**EXERCISE DATA**
<<<<

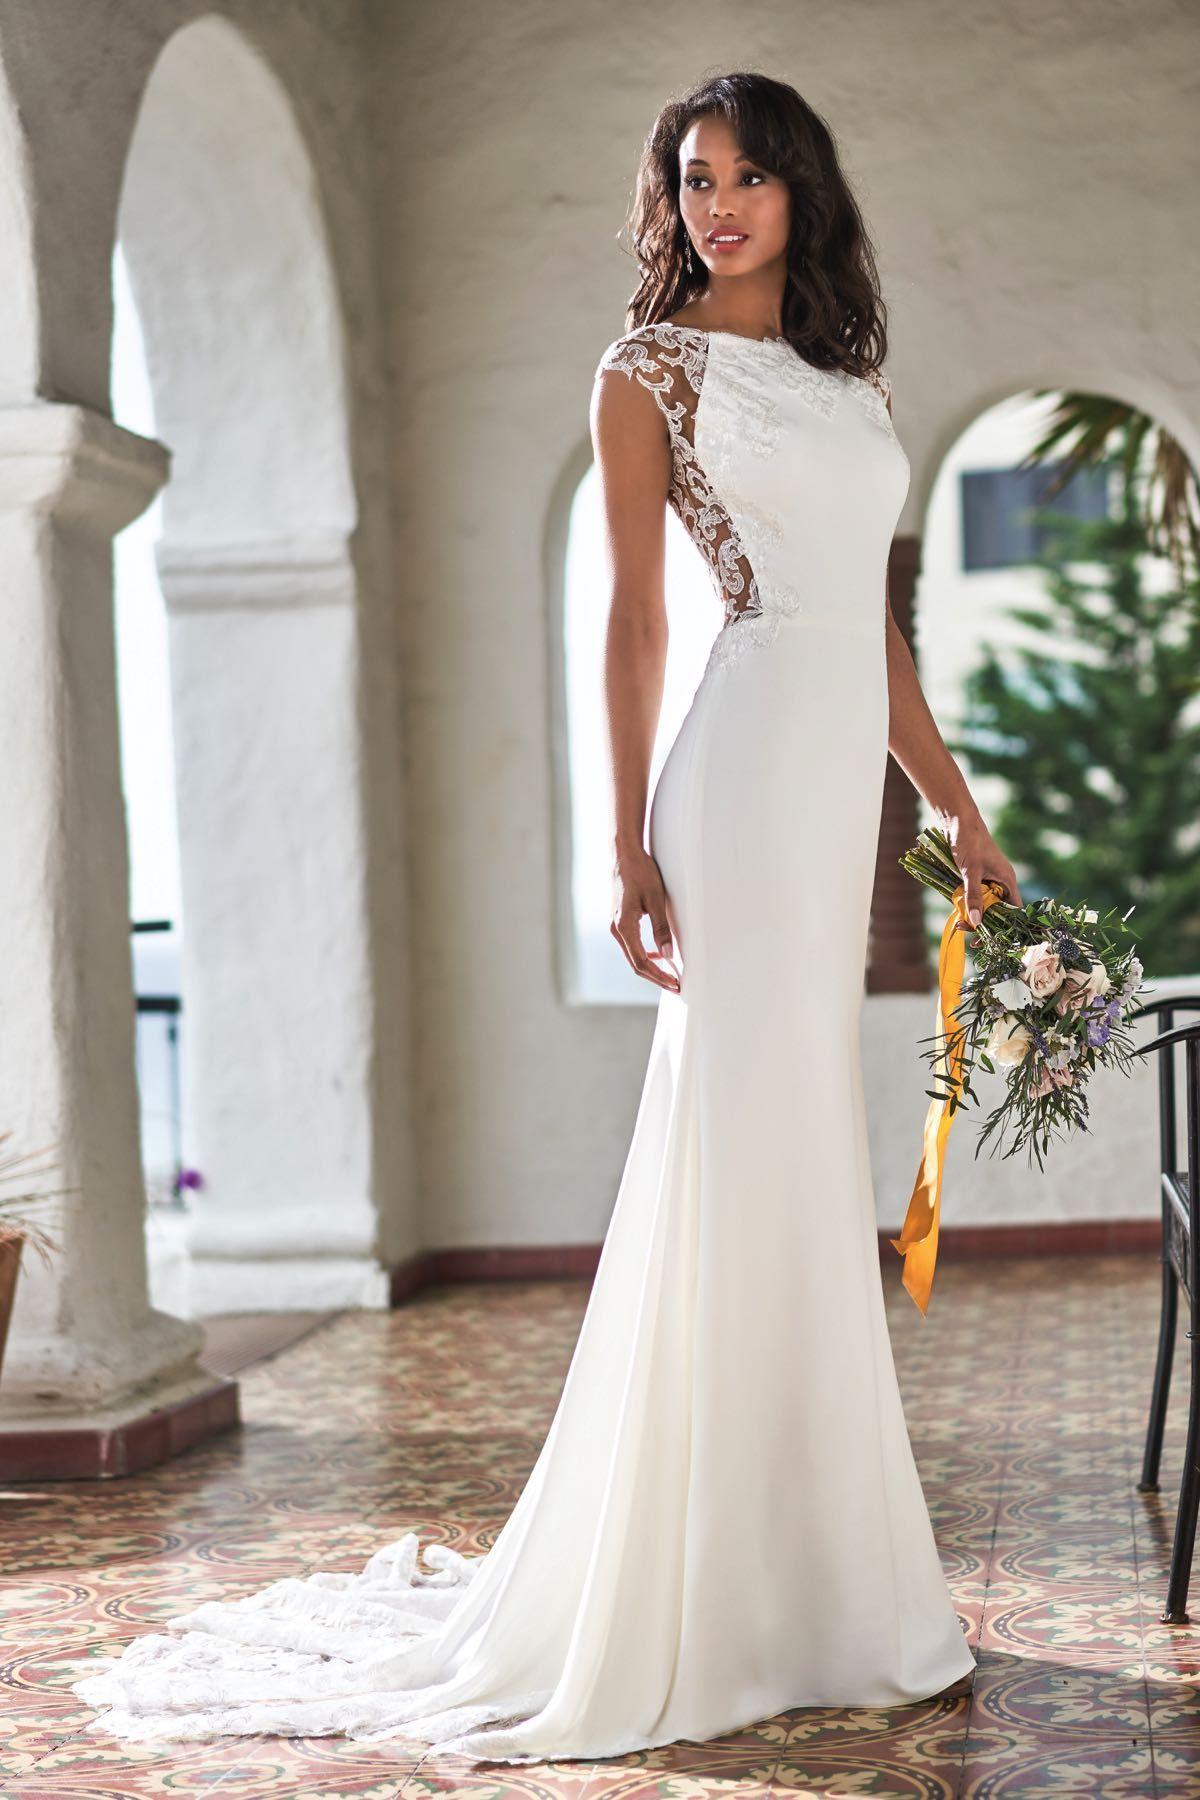 T212052 Romantic Sequin Lace & Stretch Crepe Wedding Dress
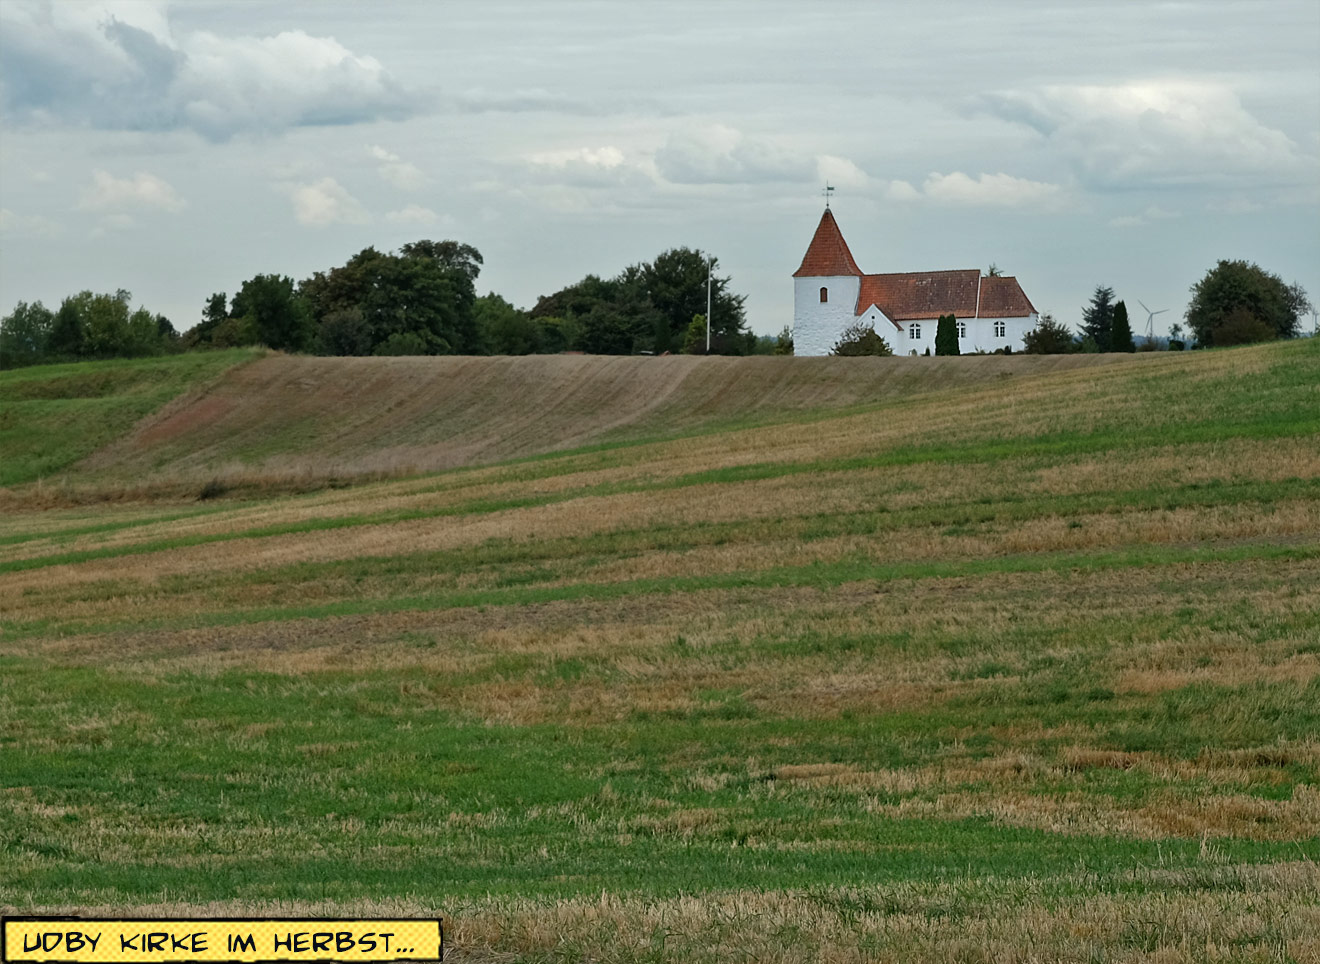 Udby Kirke Dänemark
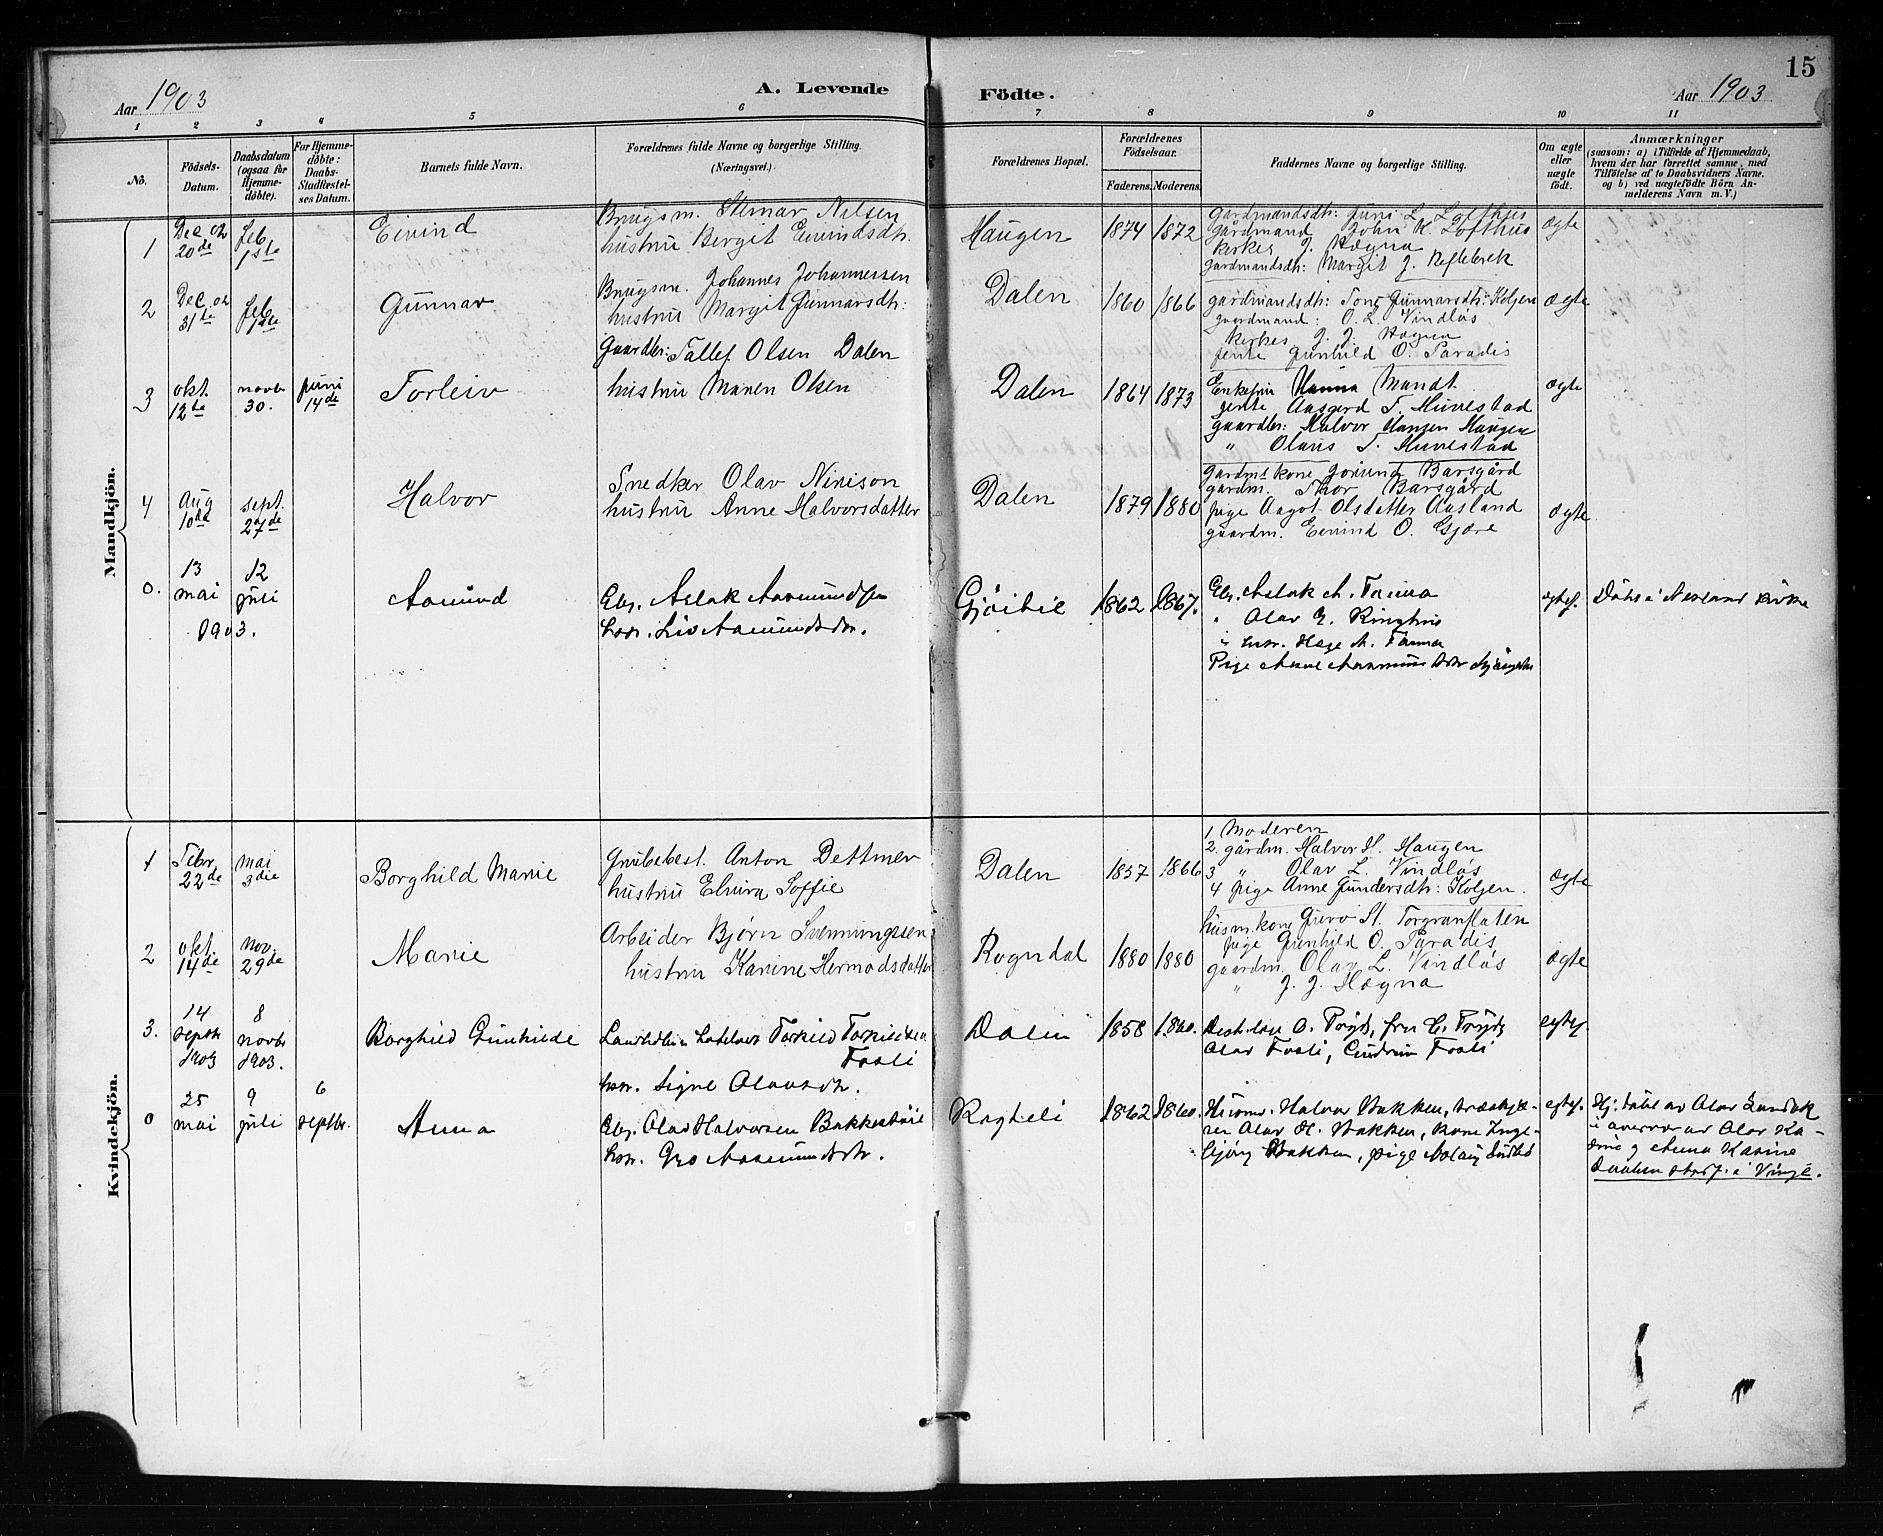 SAKO, Lårdal kirkebøker, G/Gb/L0003: Klokkerbok nr. II 3, 1889-1920, s. 15

>>>>

**WHAT IS REQUIRED**
The result should be the same data as above, line for line, with the pictures gone.

**TASK RESPONSE**
 T212052 Romantic Sequin Lace & Stretch Crepe Wedding Dress
 Udby Kirke Dänemark
 SAKO, Lårdal kirkebøker, G/Gb/L0003: Klokkerbok nr. II 3, 1889-1920, s. 15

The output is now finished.